Gingerbread Espresso Martini

Gingerbread Espresso Martini is a festive coffee cocktail made with vanilla vodka, espresso, coffee liqueur, and gingerbread syrup, finished with a cinnamon cookie rim.
Prep Time 10 minutes
Cook Time 5 minutes
Syrup Cool Time 20 minutes
Total Time 35 minutes
Servings: 1 cocktail
Course: Drinks
Cuisine: American
Calories: 280

Ingredients
  

Cocktail
  • 2 oz vanilla vodka
  • 1 oz espresso or strong coffee cooled
  • 1 oz coffee liqueur (Kahlua)
  • 1 oz gingerbread syrup
  • ice for shaking
Rim Coating
  • ¼ cup crushed gingerbread cookies or graham crackers rim
  • 2 tablespoon granulated sugar rim
  • ½ teaspoon ground cinnamon rim
  • as needed corn syrup or simple syrup rim adhesive
Homemade Gingerbread Syrup (optional)
  • 1 cup water
  • 1 cup brown sugar
  • 2 tablespoon molasses
  • 1 teaspoon ground ginger
  • 1 teaspoon ground cinnamon
  • ¼ teaspoon ground nutmeg
  • ¼ teaspoon ground cloves
Garnish
  • ground cinnamon for dusting
  • mini gingerbread cookies garnish
  • whipped cream optional

Equipment

  • 1 Cocktail shaker With strainer
  • 1 Jigger For measuring
  • 1 Espresso machine or coffee maker Brew strong coffee/espresso
  • 1 Martini glass Chilled
  • 2 Shallow plates For rim coating
  • 1 Fine-mesh strainer For cinnamon dusting
  • 1 Saucepan For syrup (optional homemade)

Method
 

  1. Heat water, brown sugar, molasses, and spices in a saucepan.
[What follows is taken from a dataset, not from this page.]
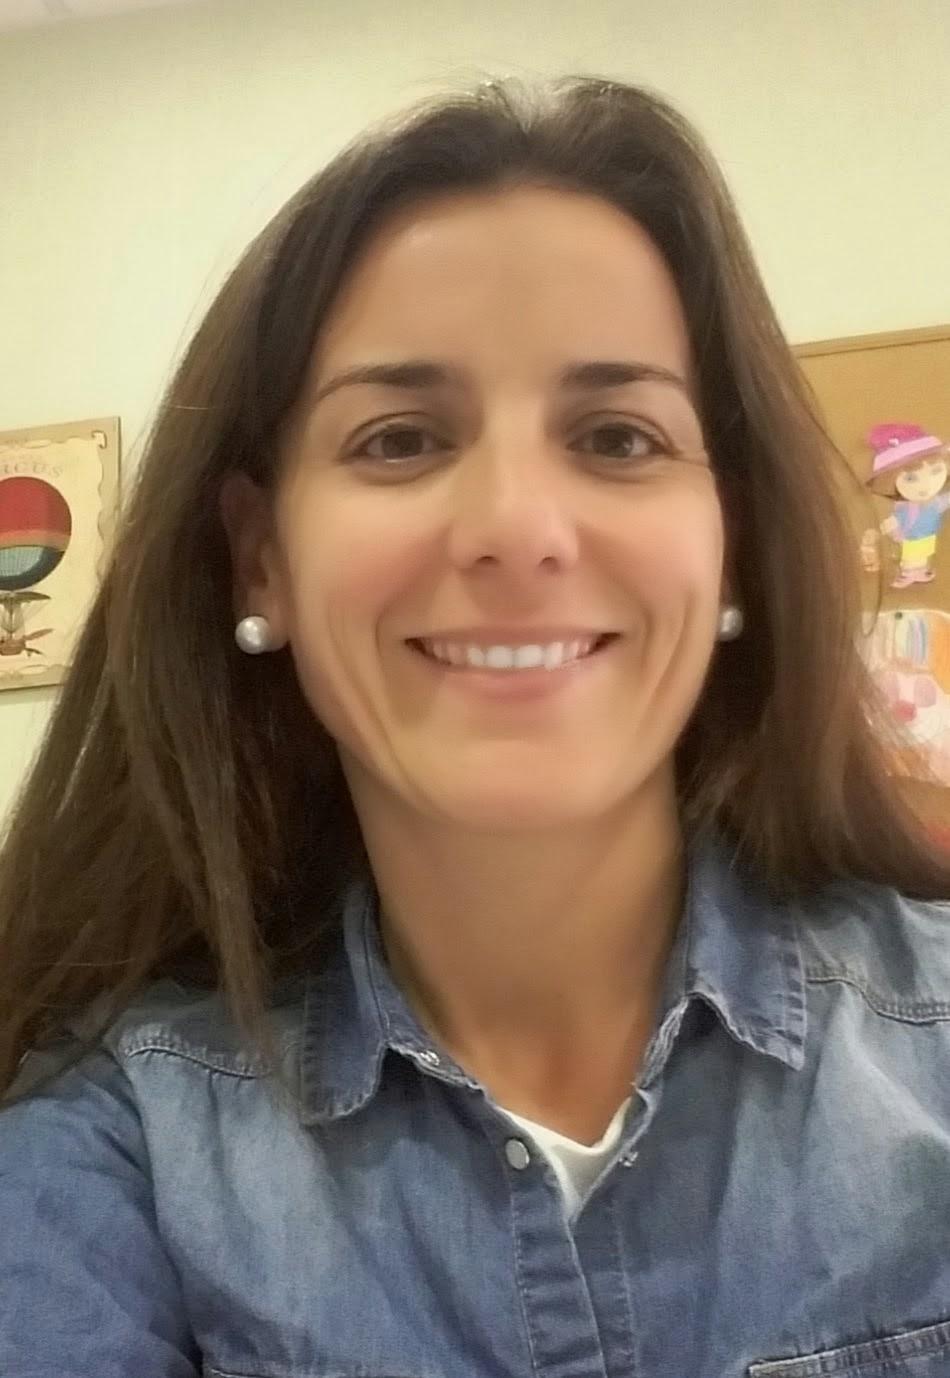 PAMELA BUENO
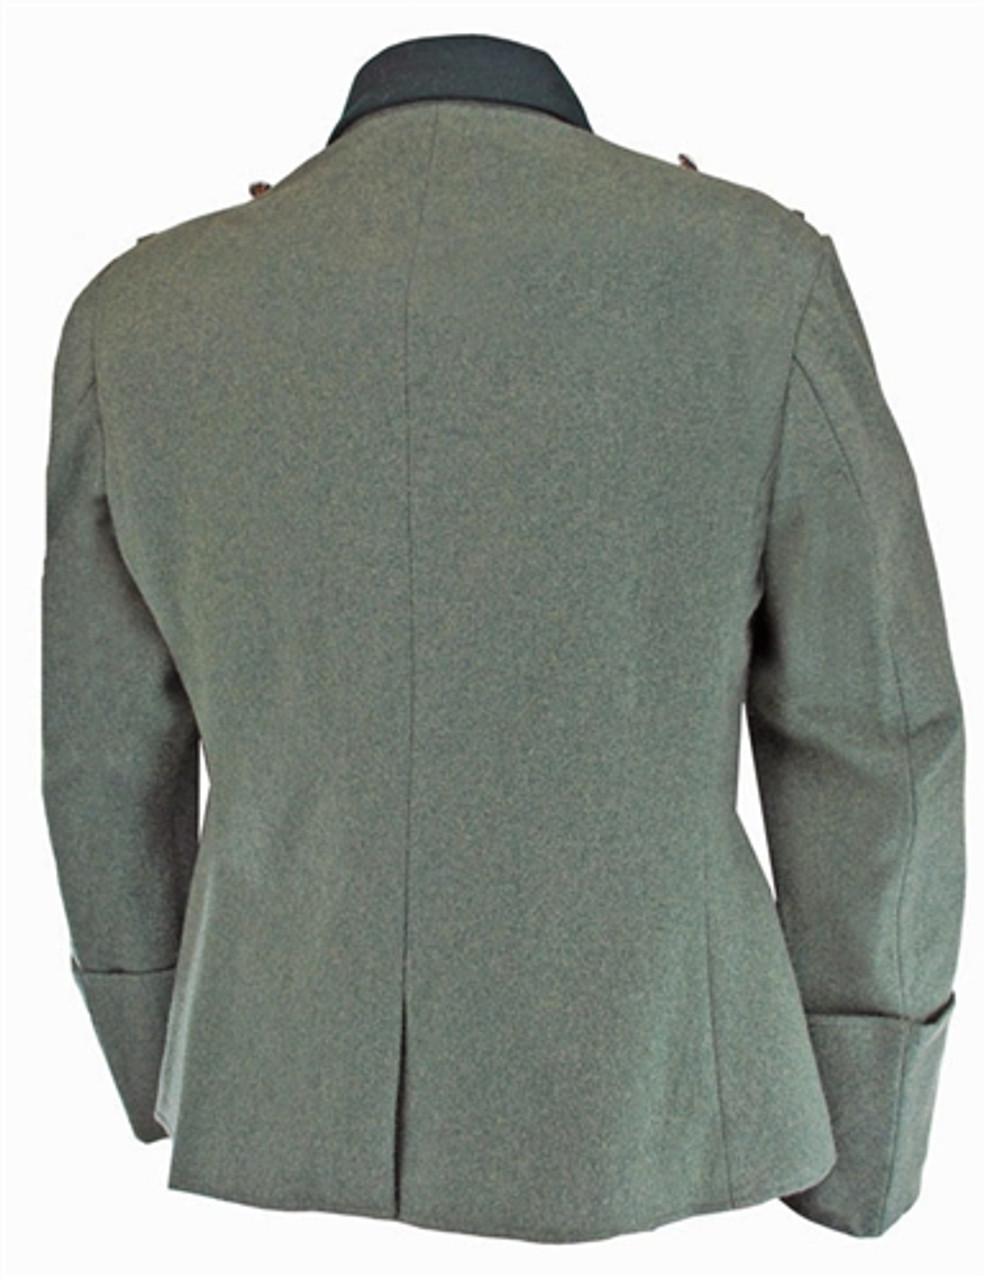 German Officer Combat Tunic in Field-grey wool from Hessen Antique

Simmer for 5 minutes, then let cool completely.
  2. Brew espresso or strong coffee and allow to cool completely.
  3. Dip the rim of a martini glass in syrup, then coat in a mixture of crushed cookies, sugar, and cinnamon.
  4. Add vanilla vodka, cooled espresso, coffee liqueur, and gingerbread syrup to a shaker with ice. Shake vigorously for 30 seconds.
  5. Strain into the prepared martini glass, ensuring foam stays on top.
  6. Dust with ground cinnamon. Garnish with mini gingerbread cookies and optional whipped cream.

Notes

Make the gingerbread syrup ahead of time for convenience. Store leftovers in the fridge for up to a week. Great for other holiday drinks too!